You will also need to build NGinx from source, with Lua support. In order to do that you need to get some components in advance:

LuaJIT
wget --quiet http://luajit.org/download/LuaJIT-2.1.0-beta2.tar.gz  
tar xzf Lua*  
cd Lua*  
make  
make install  

Then set some environment variables to tell nginx where to find the libraries.

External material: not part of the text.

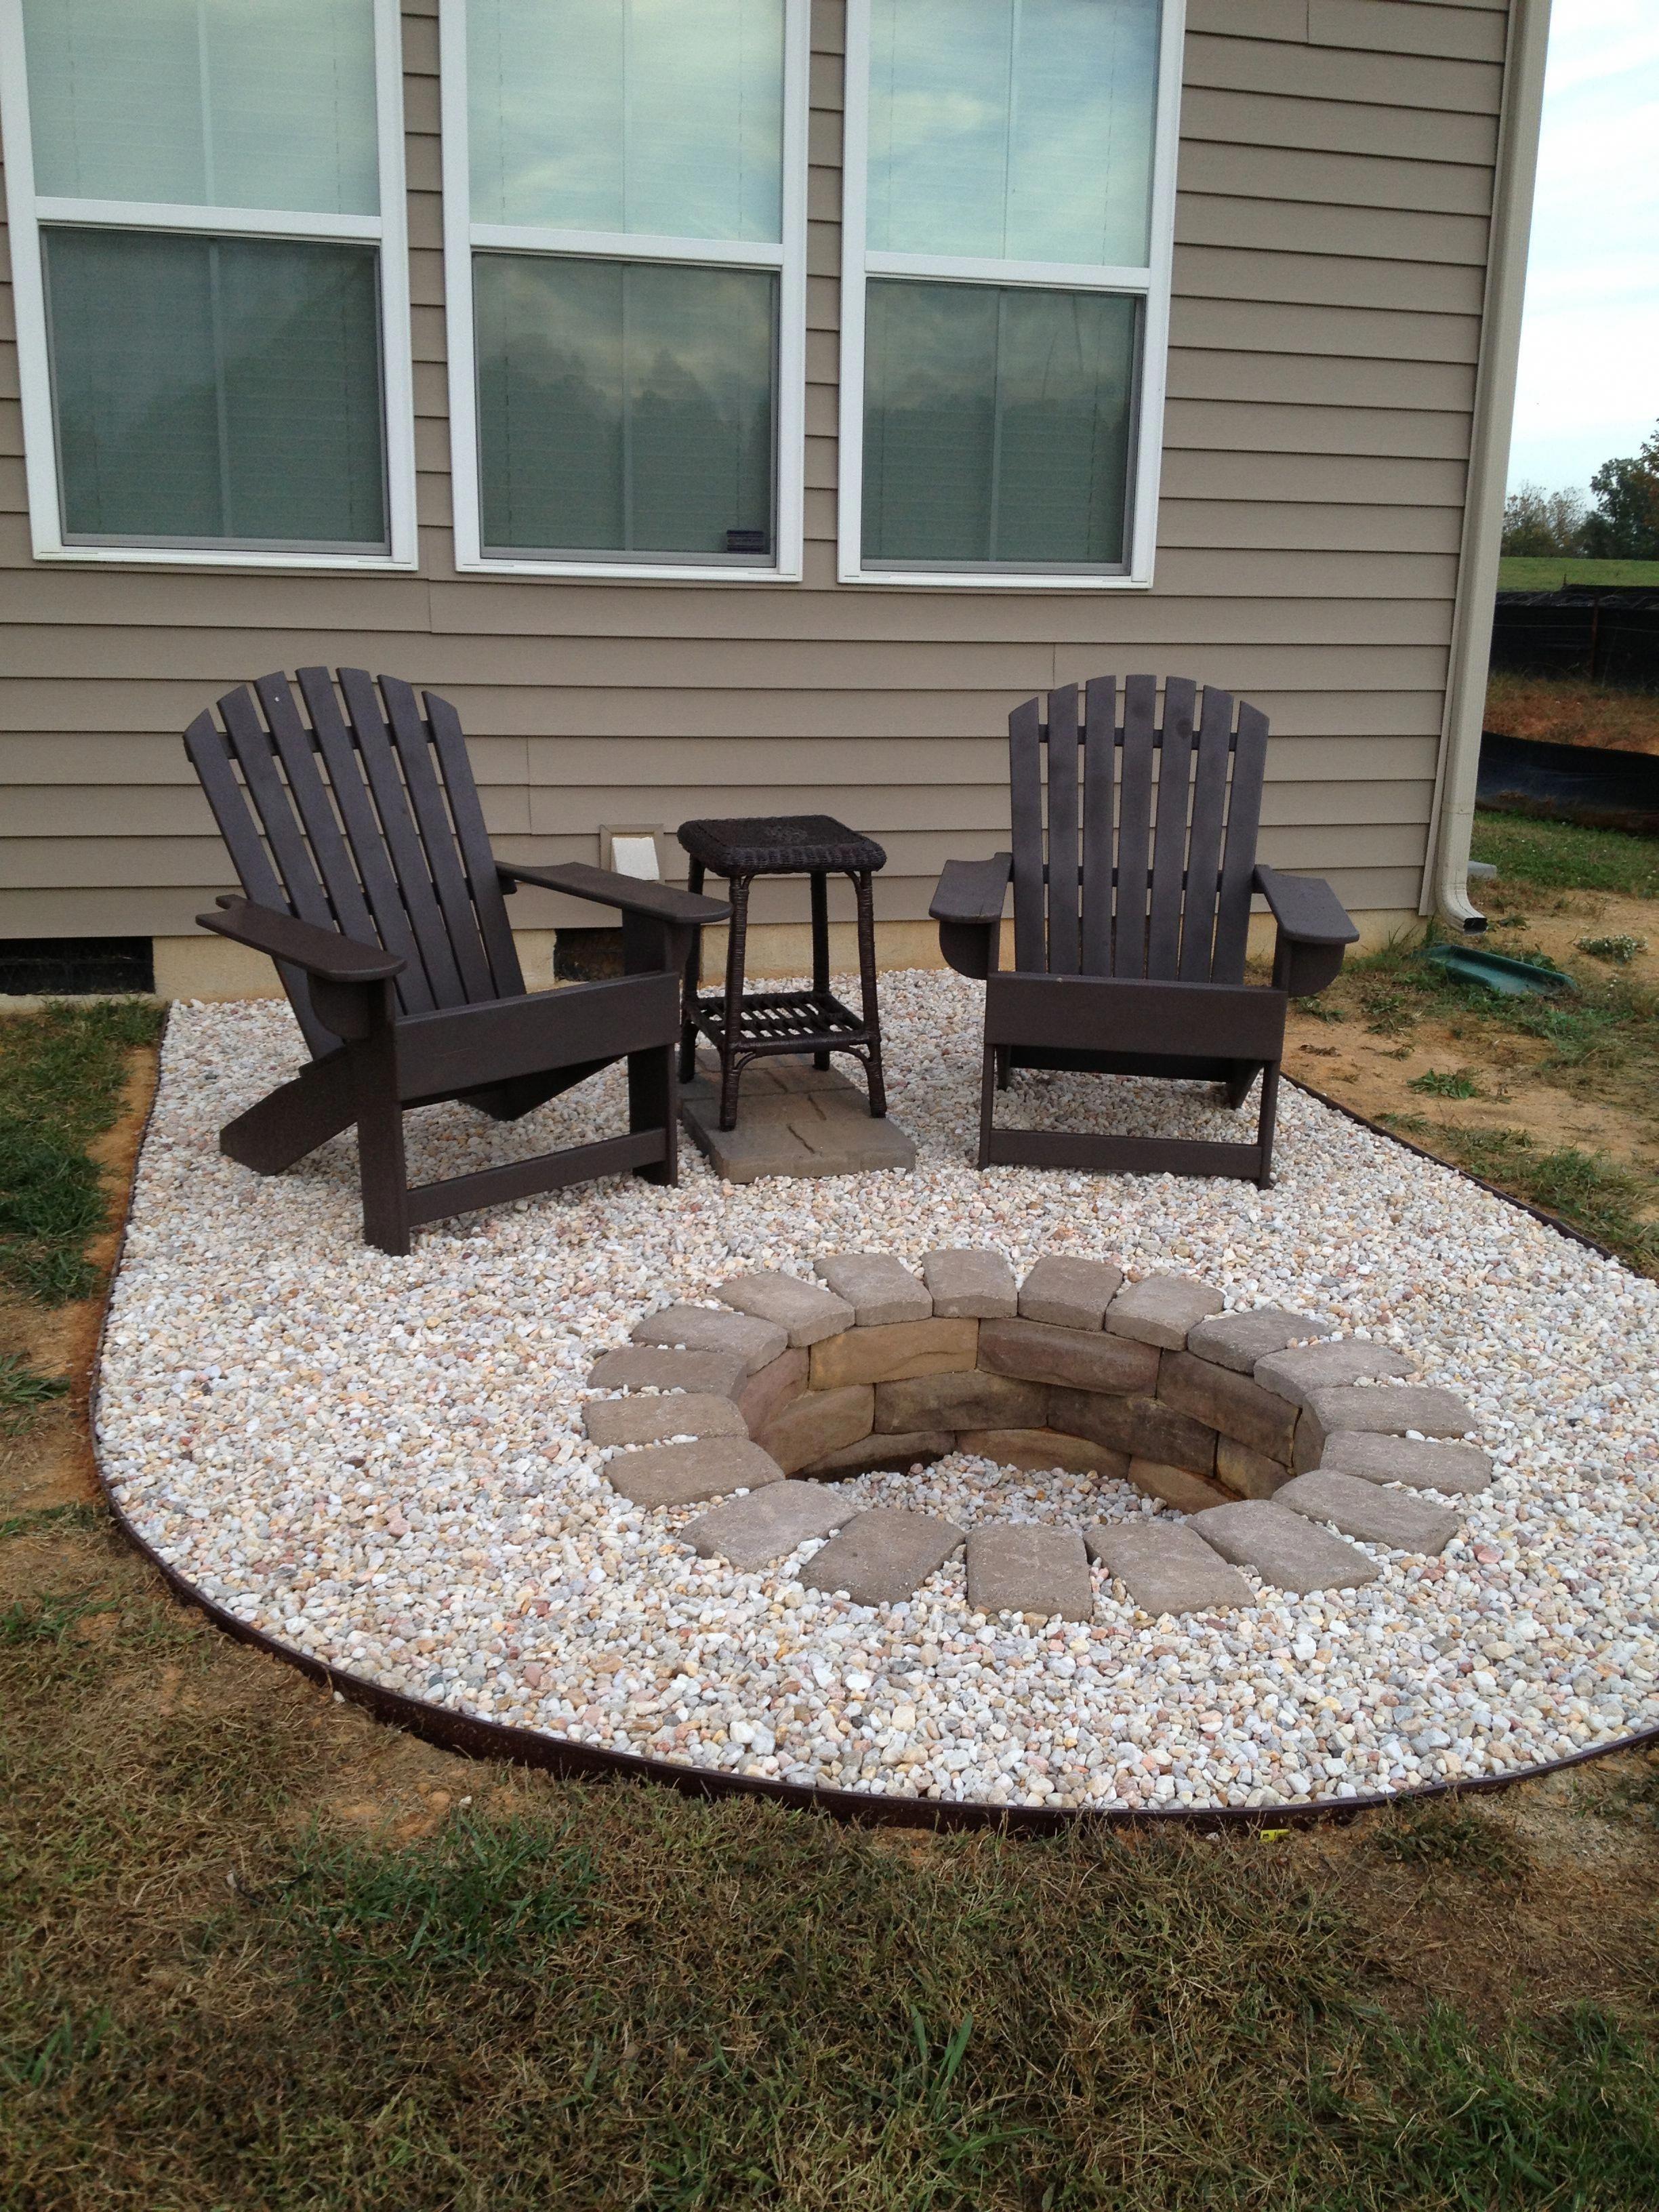 My Fire Pit Firepitbackyarddiy Cheap Fire Pit Backyard Patio Designs Backyard Fire Backyard fire pit landscaping ideas
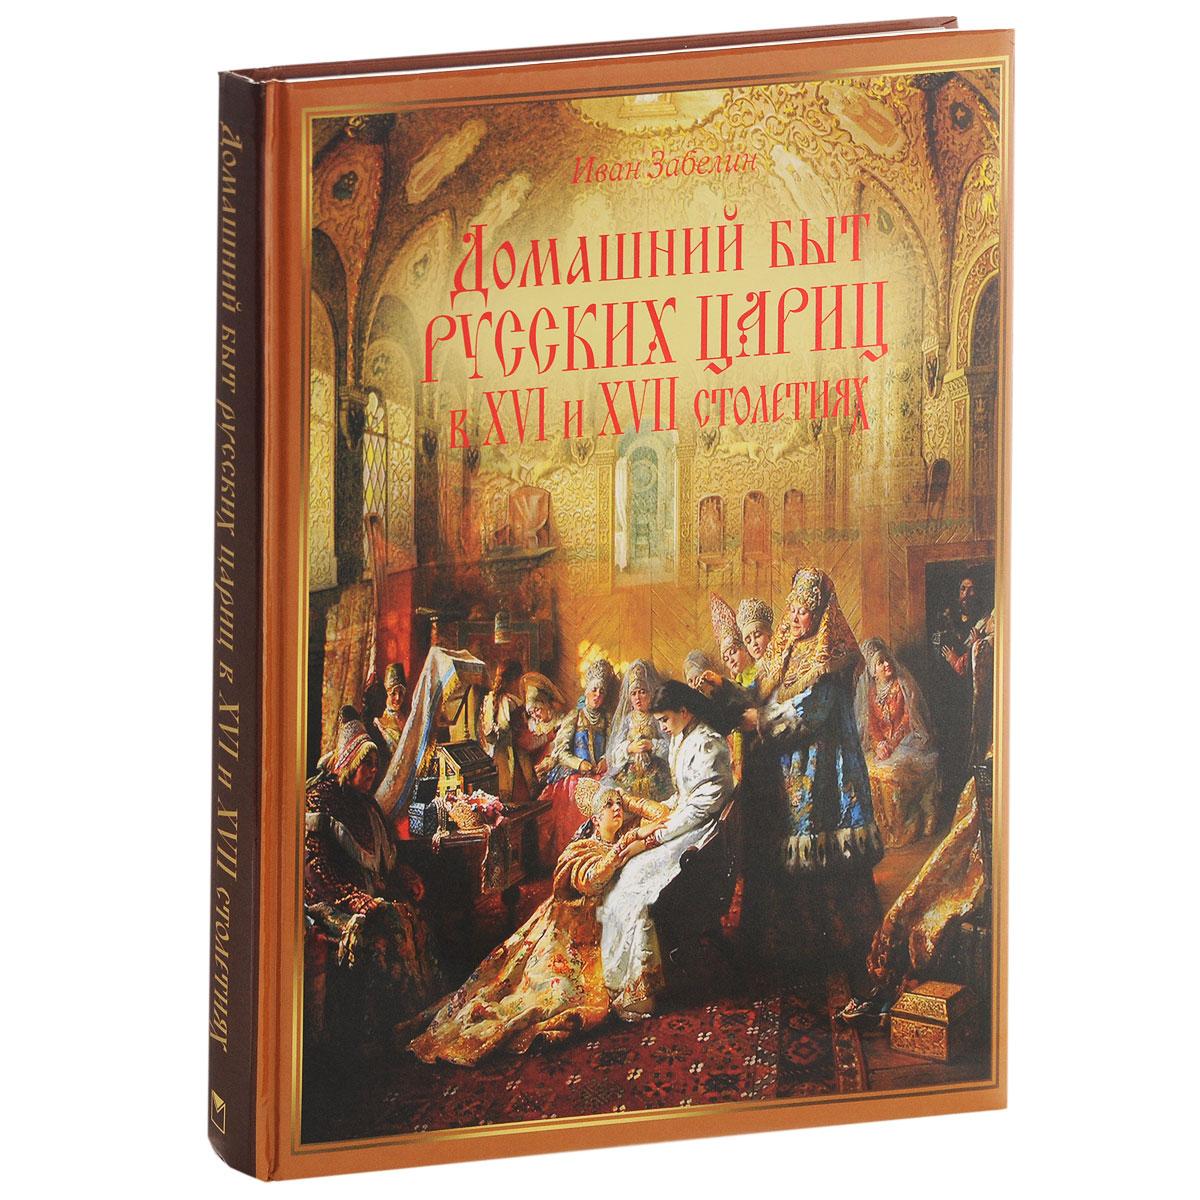 Домашний быт русских цариц в XVI-XVII столетиях

export LUAJIT_LIB=/usr/local/lib  
export LUAJIT_INC=/usr/local/include/luajit-2.1  
NGX Dev Kit
wget --quiet https://github.com/simpl/ngx_devel_kit/archive/v0.3.0.tar.gz  
tar xzf v0.3.0*  
mv ngx_devel_kit* /usr/local/src/ngx-devel-kit  
NGX_Lua Module
wget --quiet https://github.com/openresty/lua-nginx-module/archive/v0.10.7.tar.gz  
tar xzf v0.10.7*  
mv lua-nginx-module* /usr/local/src/lua-nginx-module  
Nginx

At this point, you've got all the pre-reqs, you just need to build Nginx from source. This is highly implementation dependent, so I'll just show you the mandatory lines in order to compile the Lua modules too:

# Download the latest source and build it
export nginxVersion="1.11.10"

cd /usr/local/src  
wget --quiet http://nginx.org/download/nginx-$nginxVersion.tar.gz  
tar -xzf nginx-$nginxVersion.tar.gz  
cd nginx*

./configure \
--with-ld-opt="-Wl,-rpath,$LUAJIT_LIB" \
--add-module=/usr/local/src/lua-nginx-module \
--add-module=/usr/local/src/ngx-devel-kit

.... and the rest of your build options

make  
make install  

Site Configuration

This is the easy bit, I stuck the following in /etc/nginx/conf.d/internal.conf

server {  
  listen 1337;

  location /reload {
    content_by_lua 'os.execute("/usr/sbin/nginx -s reload")';
  }
}

And voilla, you're able to reload nginx from a url with no downtime:

[nginx@nginx-3759635402-zcwgx /]$ curl -v http://127.0.0.1:1337/reload
* About to connect() to 127.0.0.1 port 1337 (#0)
*   Trying 127.0.0.1...
* Connected to 127.0.0.1 (127.0.0.1) port 1337 (#0)
> GET /reload HTTP/1.1
> User-Agent: curl/7.29.0
> Host: 127.0.0.1:1337
> Accept: */*
> 
< HTTP/1.1 200 OK  
< Server: nginx/1.11.10  
< Date: Thu, 09 Mar 2017 11:12:41 GMT  
< Content-Type: application/octet-stream  
< Transfer-Encoding: chunked  
< Connection: keep-alive  
<  
* Connection #0 to host 127.0.0.1 left intact

In the logs:

127.0.0.1 - - [09/Mar/2017:11:12:41 +0000] "GET /reload HTTP/1.1" 200 5 "-" "curl/7.29.0"  
2017/03/09 11:12:41 [info] 131#0: *85365 client 127.0.0.1 closed keepalive connection  
2017/03/09 11:12:41 [notice] 79#0: using the "epoll" event method  
2017/03/09 11:12:41 [notice] 79#0: start worker processes  
2017/03/09 11:12:41 [notice] 79#0: start worker process 169  
2017/03/09 11:12:41 [notice] 79#0: start worker process 170  
2017/03/09 11:12:42 [notice] 130#0: gracefully shutting down  
2017/03/09 11:12:42 [notice] 130#0: exiting  
2017/03/09 11:12:42 [notice] 130#0: exit  
2017/03/09 11:12:42 [notice] 131#0: gracefully shutting down  
2017/03/09 11:12:42 [notice] 131#0: exiting  
2017/03/09 11:12:42 [notice] 131#0: exit  
2017/03/09 11:12:42 [notice] 79#0: signal 17 (SIGCHLD) received  
2017/03/09 11:12:42 [notice] 79#0: worker process 130 exited with code 0  
2017/03/09 11:12:42 [notice] 79#0: worker process 131 exited with code 0  
2017/03/09 11:12:42 [notice] 79#0: signal 29 (SIGIO) received  

Disclaimer: With great power comes great responsibility. You're exposing a system command via a http request, think about that for a minute. In my world; that port is not internet facing and sits behind two internal load balancers. I also go a step further and lock down the IP addresses that can hit that URL to the subnet of the kubernetes nginx pods.